Serum and Bharat Biotech vaccines have to be administered in two doses. All the three vaccines have to be stored at 2-8° C.
The Subject Expert Committee consists of domain knowledge experts from the fields of pulmonology, immunology, microbiology, pharmacology, paediatrics, internal medicine, etc.
In his tweet, Dr Tedors said “If we ACTogether, we can ensure effective & safe vaccines are used to protect the most vulnerable everywhere”. The tweet, tagged to PM Narendra Modi, referred to the ACT initiative of WHO for mobilising and pooling together global resources to tackle the pandemic.
Indin officials said Pune-based Serum Institute has presented a Recombinant Chimpanzee Adenovirus vector vaccine (Covishield) encoding the SARS-CoV-2 Spike (S) glycoprotein with technology transfer from AstraZeneca/Oxford University. The firm submitted safety, immunogenicity and efficacy data generated on 23,745 participants aged ≥ 18 years or older from overseas clinical studies. The overall vaccine efficacy was found to be 70.42%.

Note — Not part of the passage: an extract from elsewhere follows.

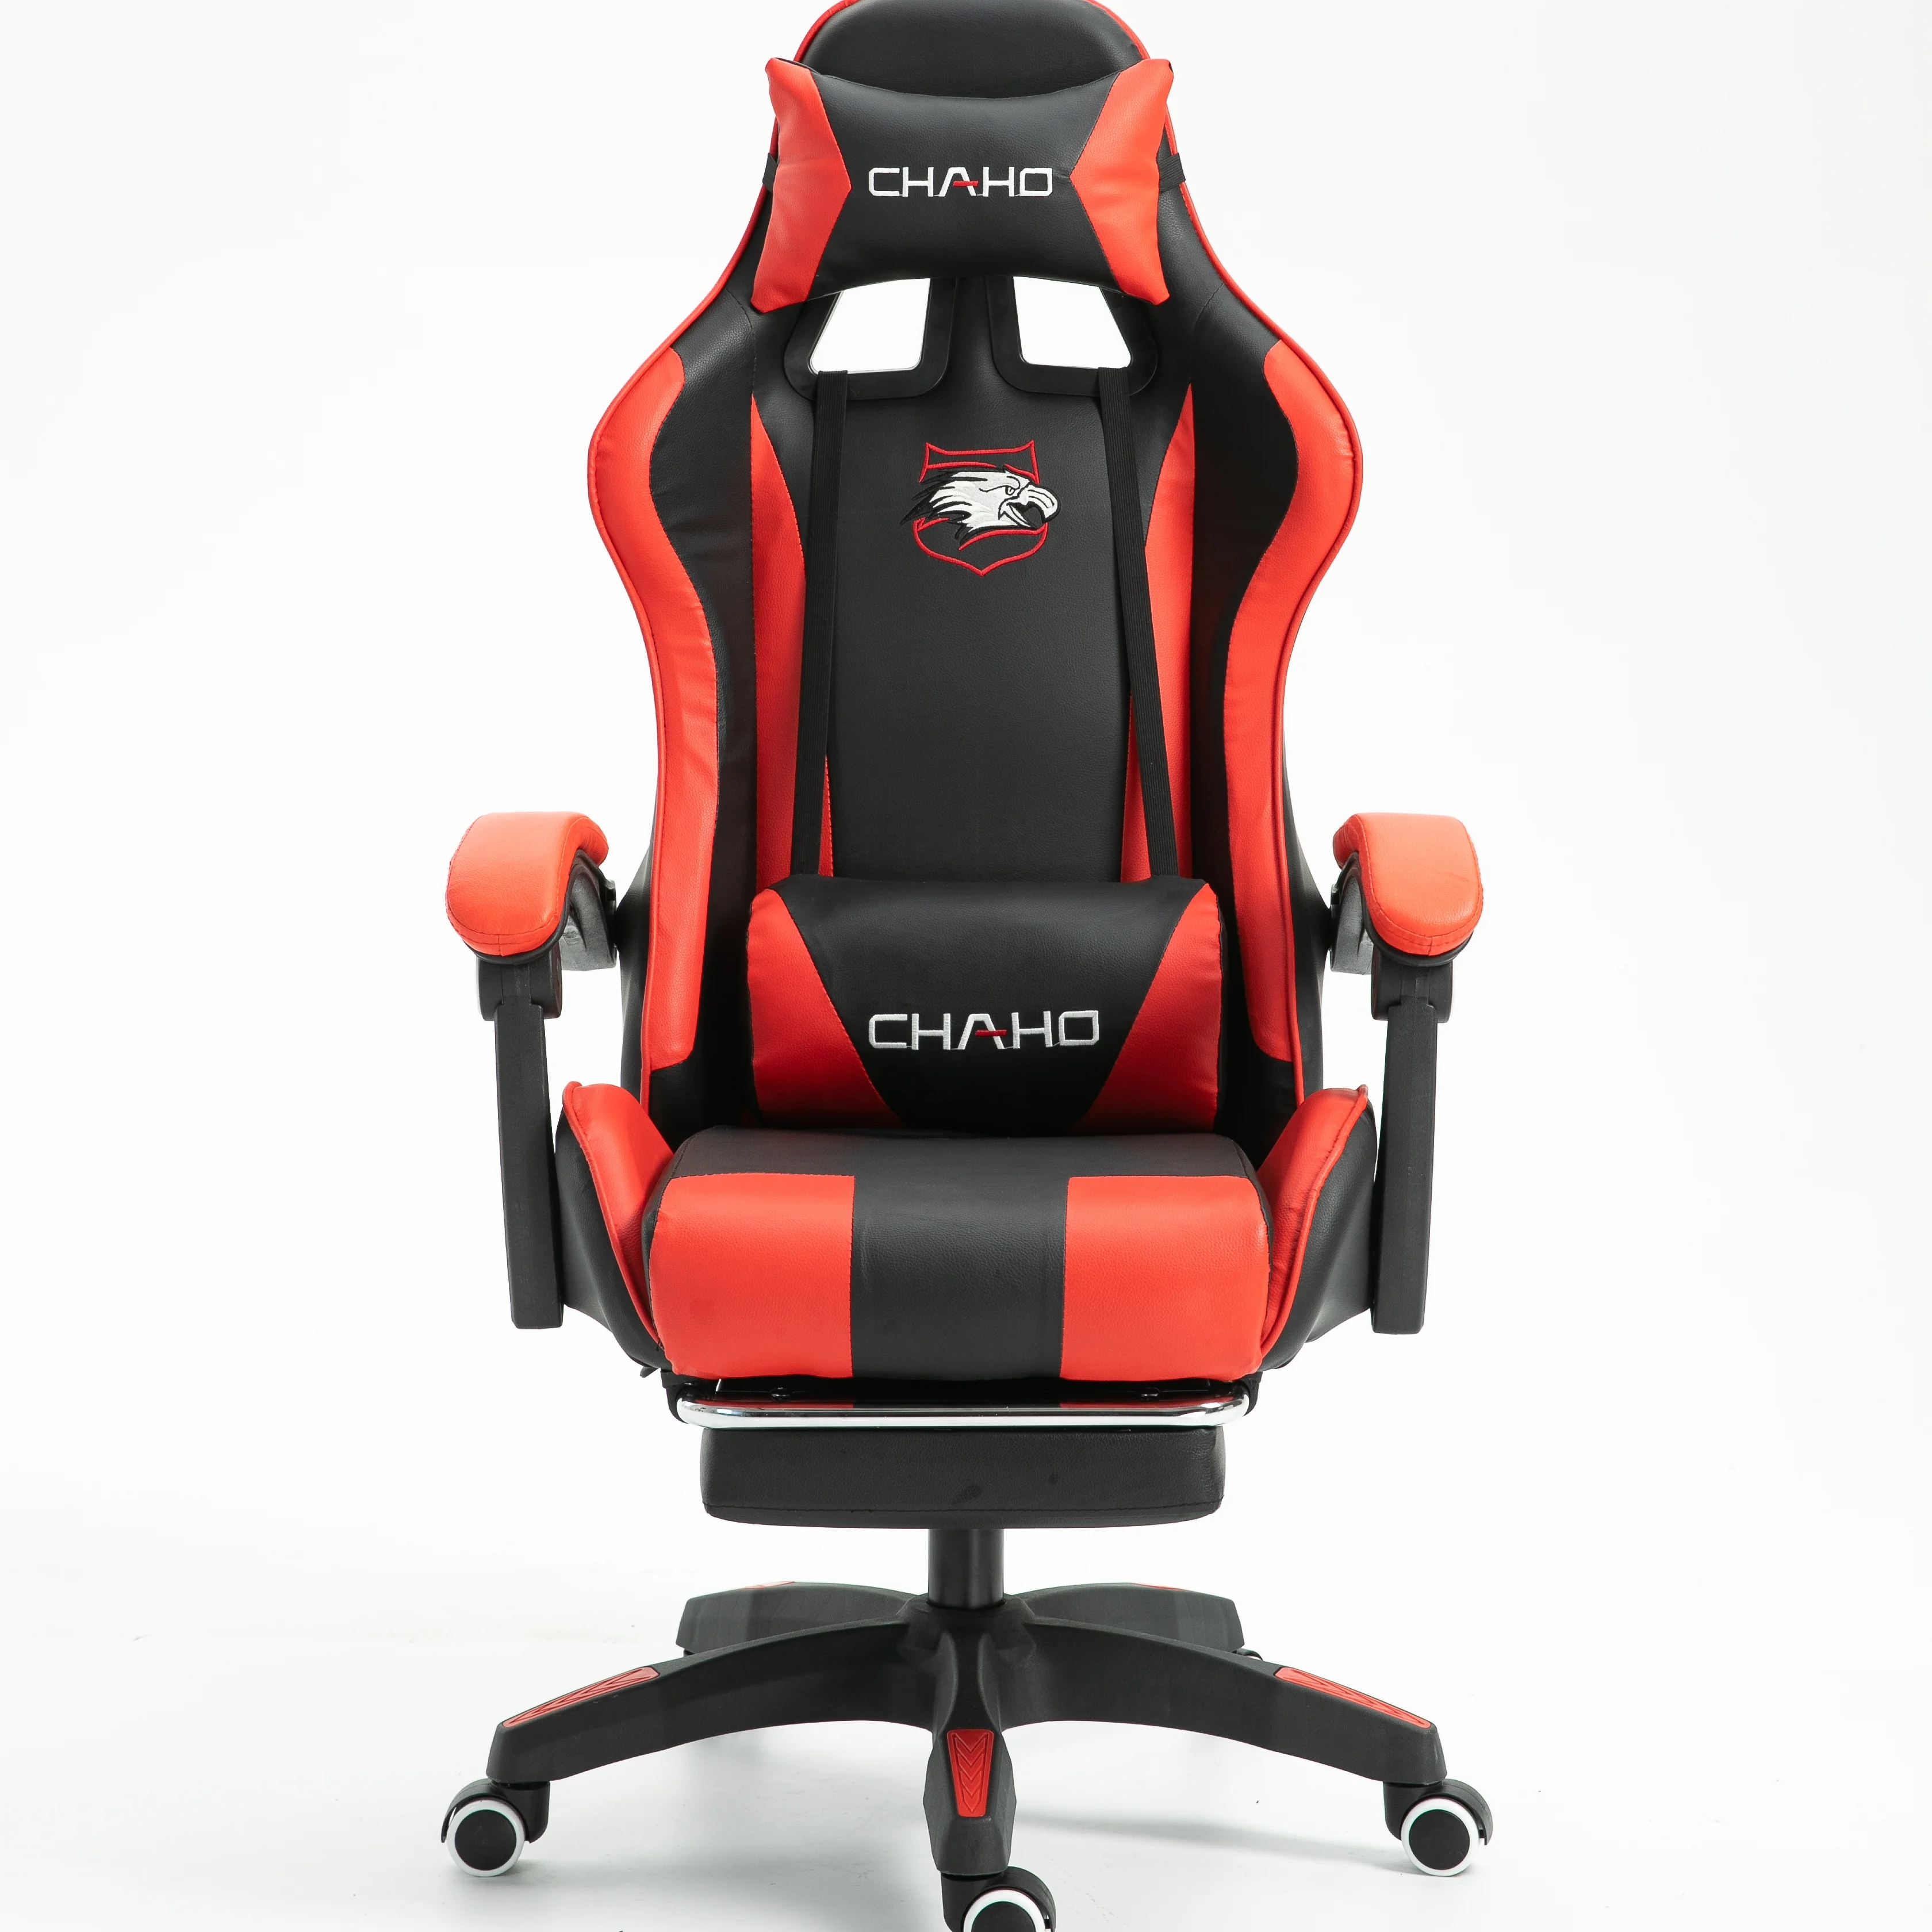 Home Office Comfortable Game Chair Gaming Chair Pc Computer Gaming Chair With Footrest Buy Gaming Chair Gaming Seat Computer Gaming Chair Product On Alibaba Com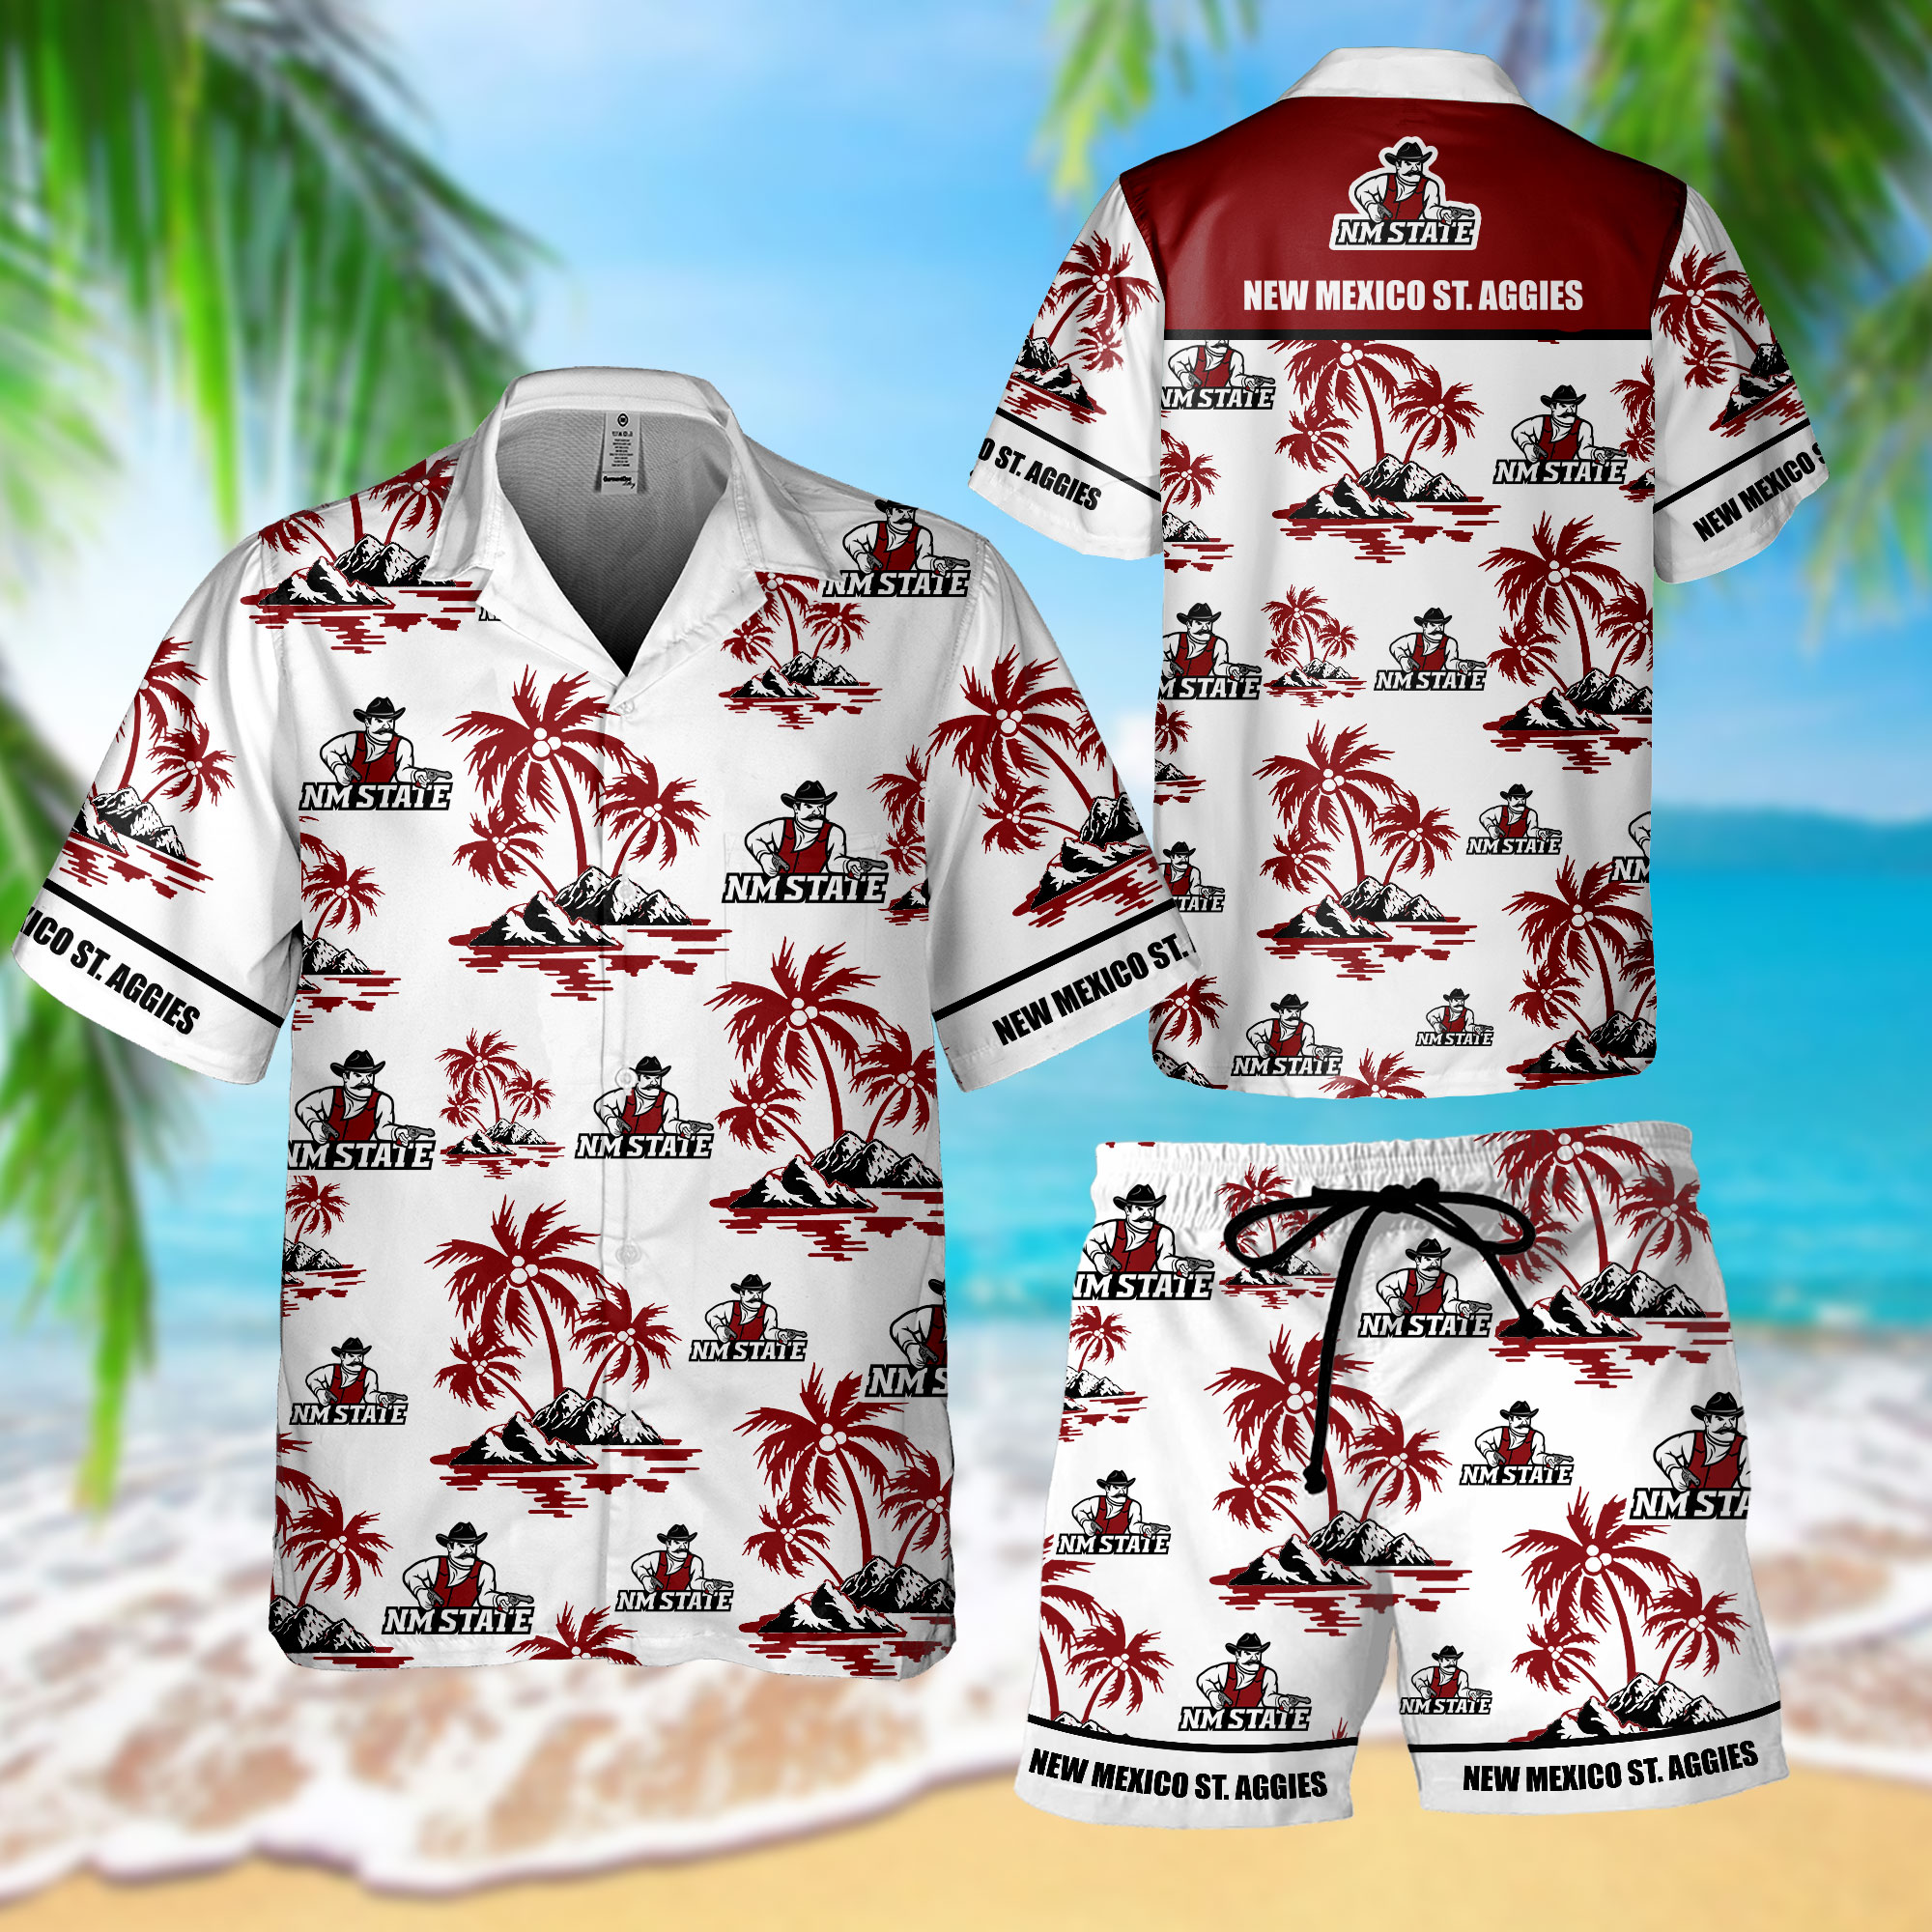 Let me show you about some combo hawaiian shirt so cool in this weather 93

Serum has also been granted permission to conduct Phase-II/III clinical trial on 1600 participants within the country. The firm also submitted the interim safety and immunogenicity data generated from this trial and the data was found comparable with the data from the overseas clinical studies. After detailed deliberations Subject Expert Committee has recommended for the grant of permission for restricted use in emergency situation subject to certain regulatory conditions. The clinical trial ongoing within the country by the firm will continue.
Bharat Biotech has developed a Whole Virion Inactivated Corona Virus Vaccine (Covaxin) in collaboration with ICMR and NIV (Pune), from where they received the virus seed strains. This vaccine is developed on Vero cell platform, which has well established track record of safety and efficacy in the country & globally.
The firm has generated safety and immunogenicity data in various animal species such as mice, rats, rabbits, Syrian hamster, and also conducted challenge studies on non-human primates (Rhesus macaques) and hamsters. All these data has been shared by the firm with CDSCO. Phase I and Phase II clinical trials were conducted in approx.800 subjects and the results have demonstrated that the vaccine is safe and provides a robust immune response. The Phase III efficacy trial was initiated in India in 25,800 volunteers and till date, ~22,500 participants have been vaccinated across the country and the vaccine has been found to be safe as per the data available till date.
The Subject Expert Committee (SEC) has reviewed the data on safety and immunogenicity of the vaccine and recommended for grant of permission for restricted use in emergency situation in public interest as an abundant precaution, in clinical trial mode, to have more options for vaccinations, especially in case of infection by mutant strains. The clinical trial ongoing within the country by the firm will continue.
M/s Cadila Healthcare Ltd., has developed a Novel Corona Virus-2019-nCov-Vaccine using DNA platform technology. The firm initiated Phase-I/II clinical trial in India in more than 1000 participants which is ongoing. The interim data suggests that the vaccine is safe and immunogenic with three doses when administered intradermally. Accordingly, firm has sought permission to conduct Phase-III clinical trial in 26000 Indian participants, which has been recommended by the Subject Expert Committee.